Por: Matheus Felipe de Castro
Calma! Ele não me passou procuração alguma (ainda). Mas me sinto no dever de sair em defesa do mandato do deputado eleito Tiririca. Na verdade, em defesa da vontade de 1.353.820 (um milhão, trezentos e cinquenta e três mil, oitocentos e vinte) eleitores que, bem ou mal, resolveram escolher o palhaço como seu representante em Brasília.
Sim! Diz a Constituição da República que vivemos em uma democracia derivada da soberania popular: "todo o poder emana do povo e em seu nome é exercido, através de representantes eleitos". Muitos concordam de maneira acrítica com essa declaração e tantos outros simplesmente a rejeitam, como se ela fosse mentirosa e desnecessária.
No entanto, a democracia não é uma coisa pronta e acabada, mas um processo em andamento, em construção. E ao contrário do que muitos opinam, a democracia não pode ser construída com menos democracia, mas com mais democracia.
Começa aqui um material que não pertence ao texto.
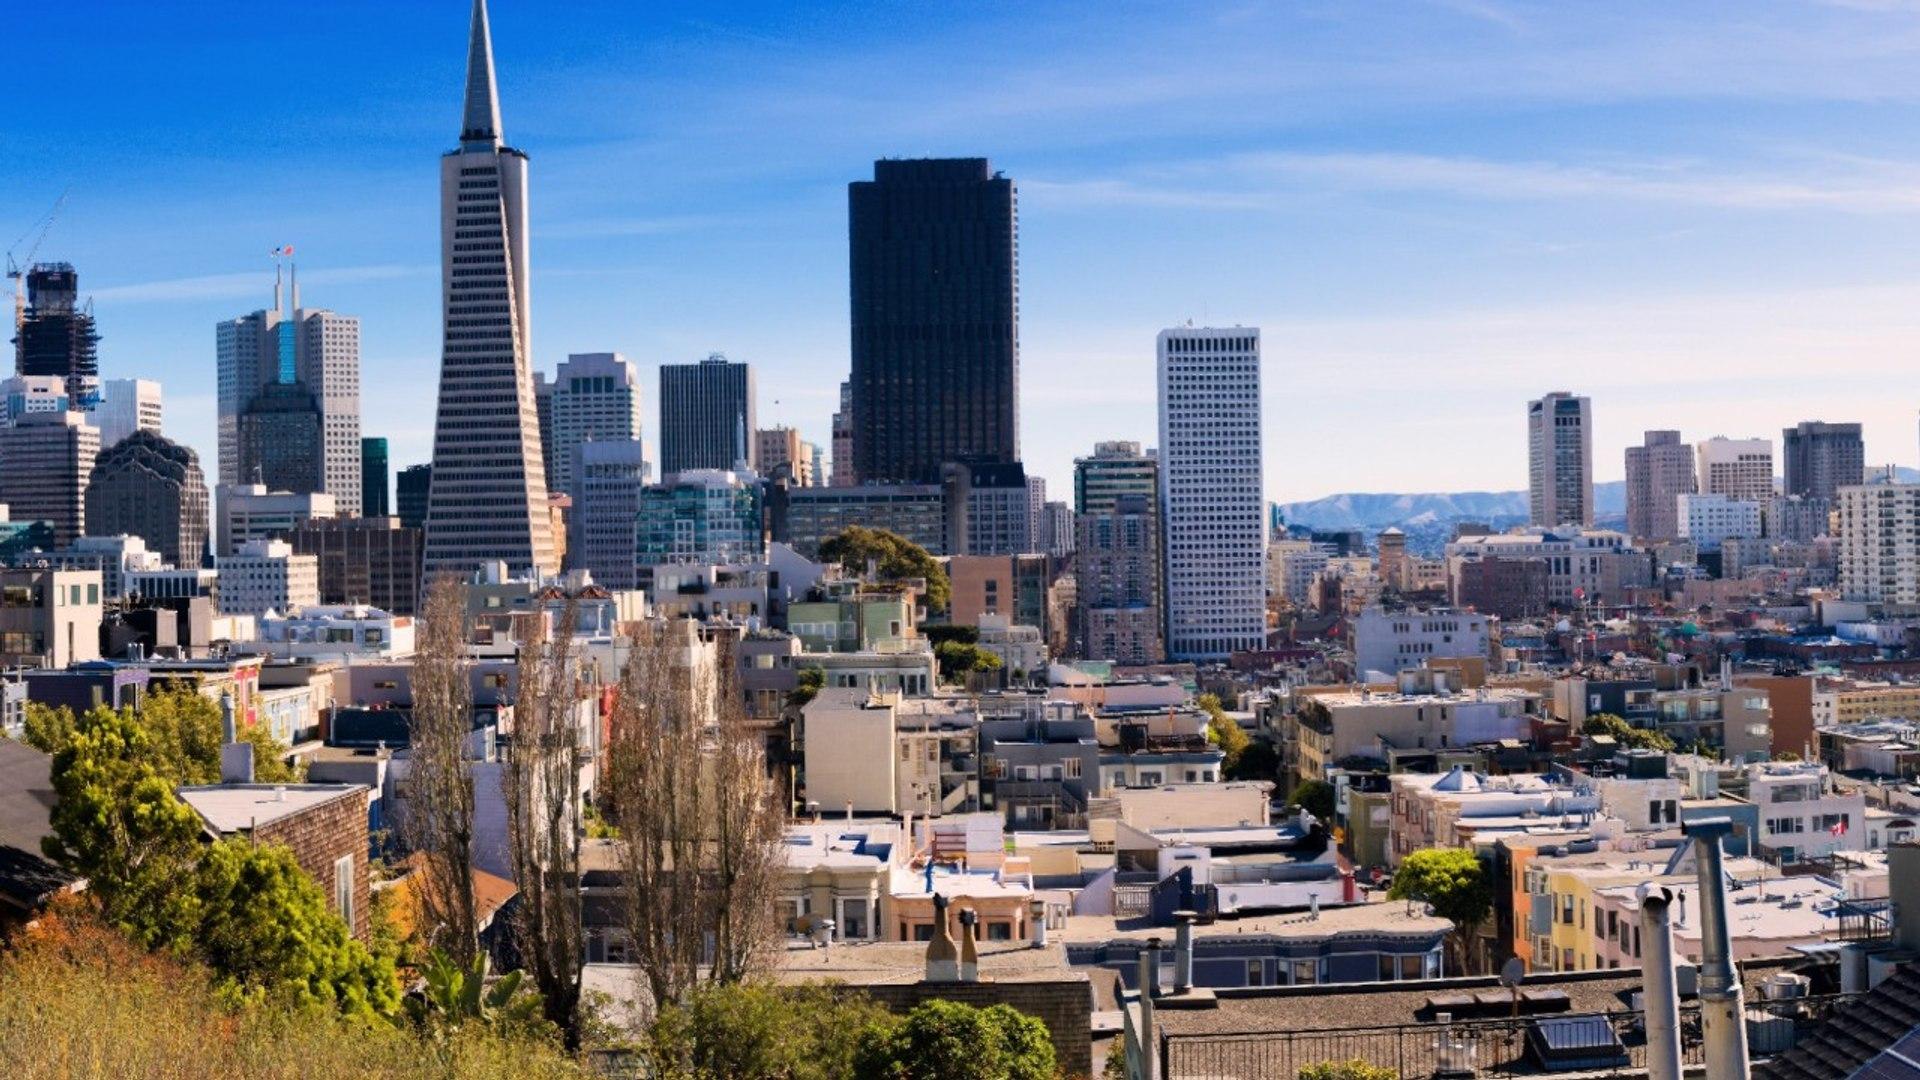 San Francisco has Huge Blackout

A eleição de Tiririca, com uma das maiores votações da história, reflete o descontentamento do povo brasileiro para com a política liberal e os políticos burgueses. Talvez por acharem a política uma "palhaçada" é que resolveram entregá-la finalmente a quem de direito.
O fato é que o voto de protesto não deixa de ser menos voto que o dito "voto consciente" (one man one vote). Aliás, aqueles que acreditam ser os monopolizadores da consciência, deveriam, nesse momento, se conscientizar de que a democracia é um processo de profundo aprendizado político, onde o povo, por meio de avanços e revezes, acúmulos e desacúmulos, erros e acertos, vai se educando politicamente.
Educação política nada tem a ver com educação escolar ou técnica. Somos um país de milhões de analfabetos políticos (Brecht), inclusive portando diplomas de curso superior e não raras vezes de pós-graduação (mestrado e doutorado). Educação política é outra coisa e o povo brasileiro não vai ser ensinado a fazer política por nenhum professor (ou elite) que se acredite iluminado (a).
O aprendizado político do povo deve ser uma experiência, que deve sim encontrar orientação e respaldo nas forças políticas mais consequentes e engajadas de nossa sociedade (sim, acredite: essas forças políticas existem e estão aí dando sangue e suor no dia-a-dia para que um Brasil melhor possa ser construído), mas deve ser realizado na prática, na cotidianidade que marca a evolução de um povo.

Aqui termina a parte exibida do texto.